This Week in Raleigh

All's quiet on the Raleigh front this week, at least as far as the North Carolina legislative building is concerned. Meanwhile, members are gearing up for competitive races this fall.

On Thursday, second quarter financial reports became public, and the North Carolina Democratic Party announced a whopping $5.8 million in cash available. That is a record-breaking amount of money on hand heading into the 2018 elections.
Some of the top donors included: 

Reid Hoffman - $500,000: The founder of LinkedIn, has made reinvigorating the Democratic Party his mission, after selling his company to Microsoft. 
John Grisham - $40,000: Yes, the John Grisham, donated significantly to the state's Democratic party this year. The best-selling author currently resides in Chapel Hill, NC. 
Senator Dan Blue - $140,000: Former Speaker of the House Dan Blue, who now serves as the Senate minority leader, gave generously to his party. 
Senator Jay Chaudhuri - $120,000: A first-term Senator and rising star in the party, Chaudhuri represents part of Wake County. 

In comparison, the $1.3 million in the North Carolina Republican Party's war chest may seem like small potatoes. But Republicans in this state do things a bit differently than the Democrats. The Republican party's top elected officials are expected to give some of the money they raise for their own campaigns to other conservative candidates. Take Senator Phil Berger, for example, with $1.6 million in his own coffers. He will likely use a large portion of that money to help other individual Republican Senators running in November.

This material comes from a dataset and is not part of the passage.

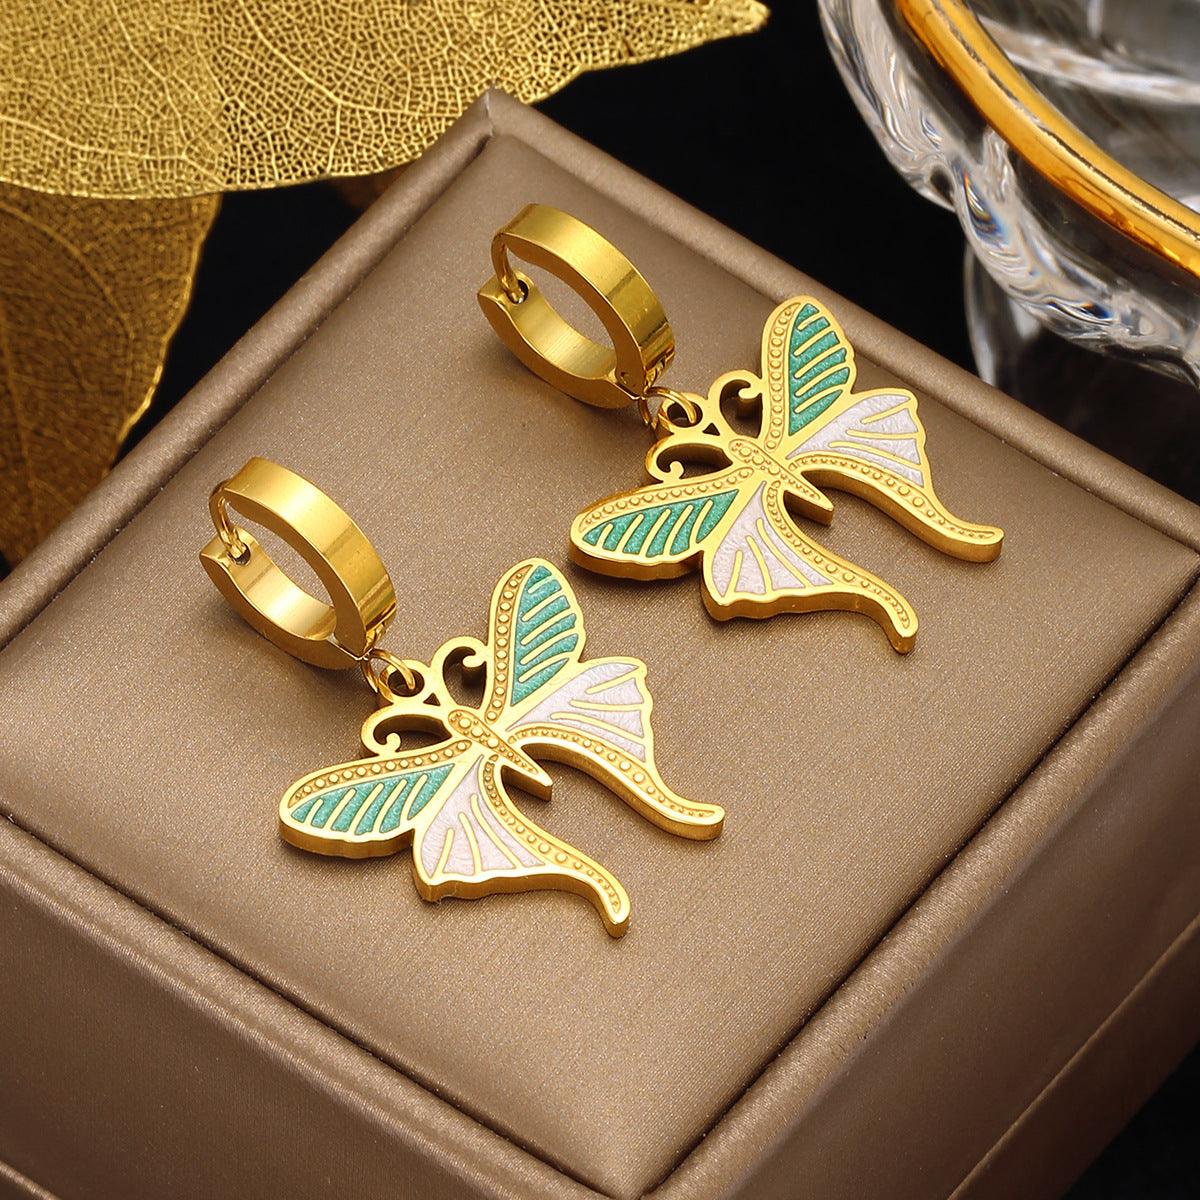 Colorful Oil Necklace Butterfly Earrings High Sense Temperamental Fashionmonger Diamond Ear Hanging - Nioor

In that sense, comparing war chests is a bit like comparing apples and oranges, but it doesn't make the Democratic Party's record amount of funds any less impressive. It is a sign that North Carolina Democrats are organizing in anticipation of a blue wave. One thing's for certain: the 2018 elections are bound to be the among most expensive in North Carolina history. 

Making Headlines

Some teachers have declared their right to resist NC legislators. How far will they go? - News & Observer
A group of teachers is organizing educators from across North Carolina to take steps, potentially including protests and strikes, if state legislators don't agree to make a series of education changes.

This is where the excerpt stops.